By contrast, if one executes a Power of Attorney or is under a guardianship, it may be possible to obtain such data and information because the agent/guardian is in essence acting for an individual who is currently alive. Nonetheless, agents and guardians should expect a lot of red tape in accessing this data, and may have to take legal action to secure it.

I will not discuss the intricacies of the Internet in terms of who has the right to lease or otherwise grant the right to the use of a domain name. However, it is generally recognized that if you are the registered owner of a domain name, you own the legal domain name rights to the domain name. If the domain name is a registered trademark, it may be considered intellectual property, and thus possible to bequeath; however, a critical issue is if the registration lapses because the fees to renew or extend the rights to the domain name are not timely paid, which means the domain name might be re-issued to other individuals. Likewise, if the domain name is registered in the name of a corporation, and the corporation has perpetual existence, even if a decedent is the sole owner of the corporation, it would be possible to renew the registration with only the payment of the registration fee.

A separate issue is whether forms of digital property that are not owned in any fashion, but used by the deceased individual. By way of illustration, an individual does not generally own any of the items purchased on Apple´s Itunes® or Amazon´s Kindle® application because the purchaser generally purchases the license to use the digital files, not the actual song or book in a digital form. Also, generally the license is "non-transferrable". While the files in the account may not be considered an asset that can be used by others, the account itself may be considered an asset. It may be possible to create a trust while you are alive to own the license for benefit of your heirs. While this in itself raises a variety of issues, such as who would serve as a trustee and would the digital licensor recognize or continue to recognize such rights, it is an option to consider.

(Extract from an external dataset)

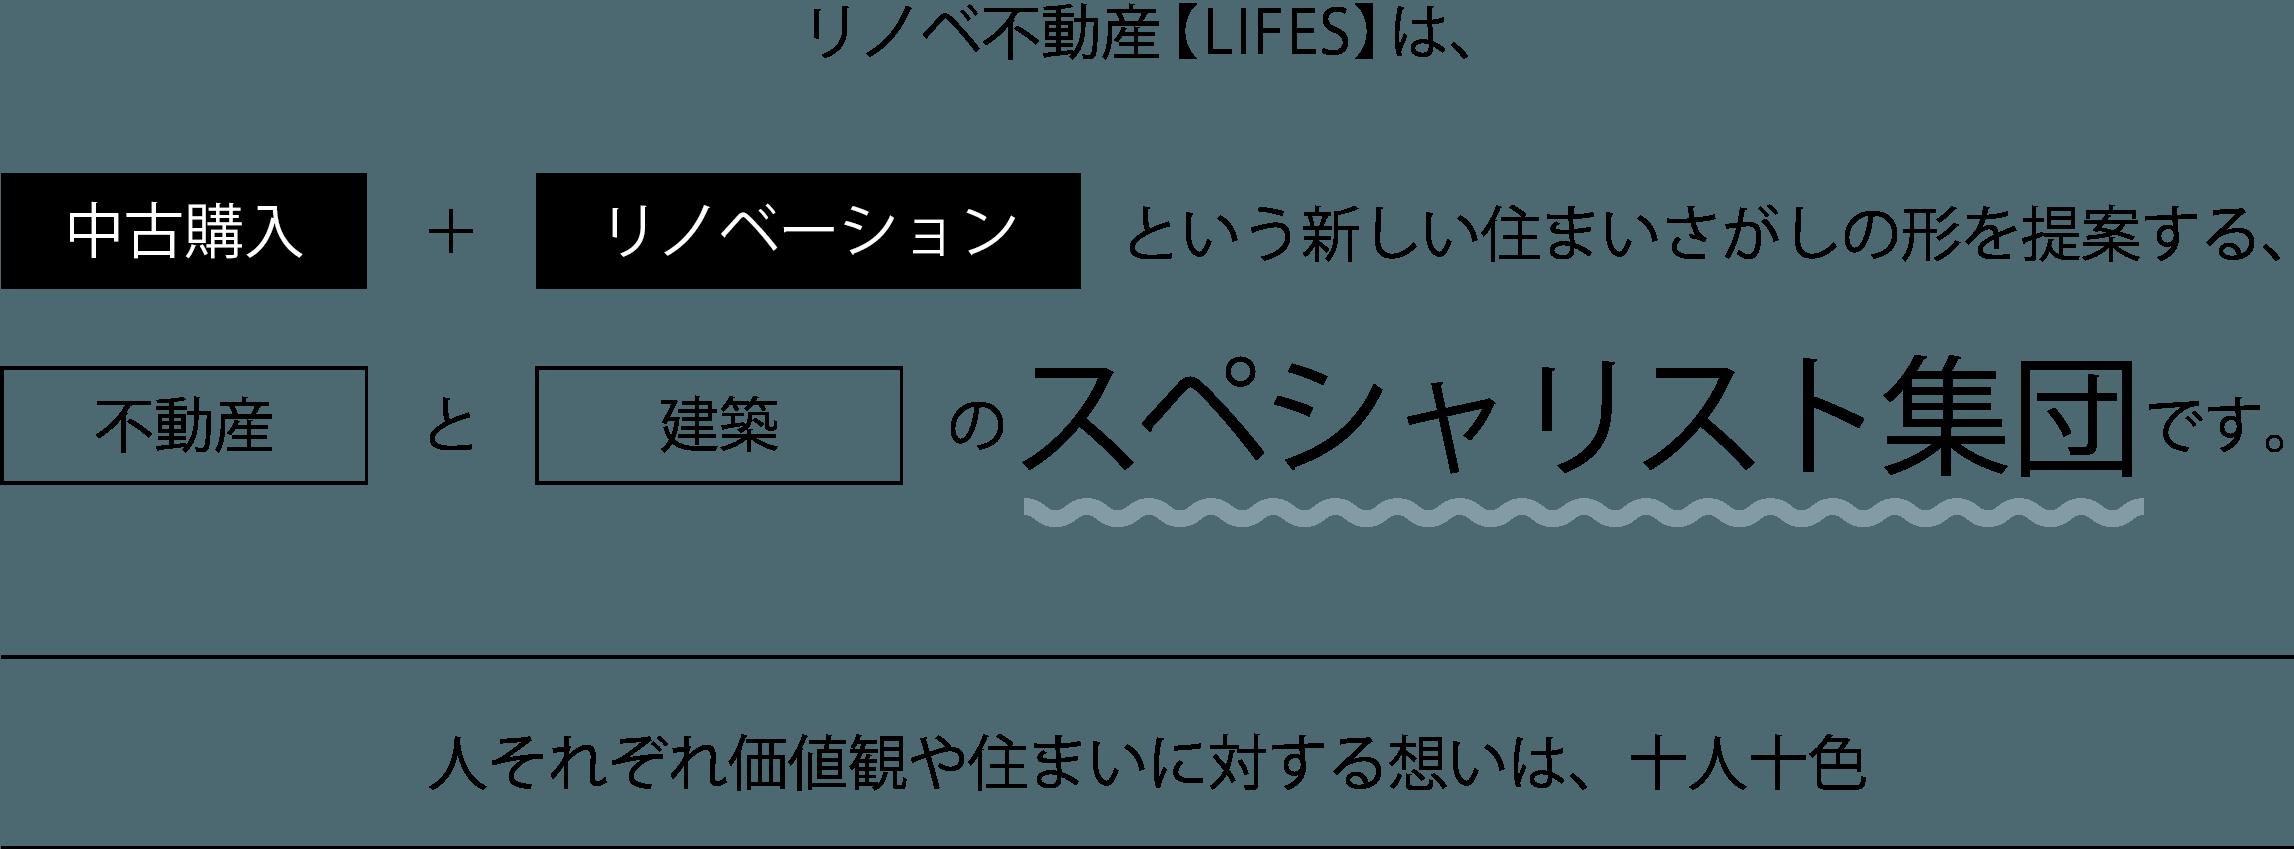 リノベ不動産【LIFES】は、中古購入+リノベーションという新しい住まいさがしの形を提案する、不動産+建築のスペシャリスト集団です。

Digital assets could be lent or sold to third parties if the licensor of the product permits such transfers by the retail store that has the right to resell the right to use the licensed product. Presumably, there would be a variety of threshold questions to address, primarily compensation to the publisher of the material, compensation to the licensor, eliminating access by the initial purchaser. By way of illustration, were Apple to permit sale of a music collection purchased on its iTune® store by customer A to Customer B, the transaction would have to proceed through the iTune® store. Unlike purchase of a book or cd from a retail store, which could then be sold or left to heirs via a will, even if internet companies such as Apple permit transfer of the right to use a licensed product, freely transferring the rights to license to the product or leaving it to heirs may not be contemplated, or even if eventually granted would likely still involve fees for the transfer. While there may be an eventual arraignment addressing these issues, with licenses eventually being transferable via the retail store that sold customer A the right use the initial licensed product, this is not generally currently the case.

Consequently, individuals should be aware that when they create their wills, their executor may not have any authority to retrieve data, including photographs posted to social media websites. While such clauses may be added to their wills, the Internet Companies could still decline access to the data. Likewise their books on Kindle® or collection of music on iTunes® may vanish when they die, instead of being able to be transferred to heirs. Clients should be advised to save all such photographs and data that they want passed to heirs to a hard drive that can be backed up, or print out the data in question, to the extent that there is no license infringement in doing so. If Internet providers or companies allow multiple account holders´ consideration should be made to setting up accounts to add heirs so that they can access the data.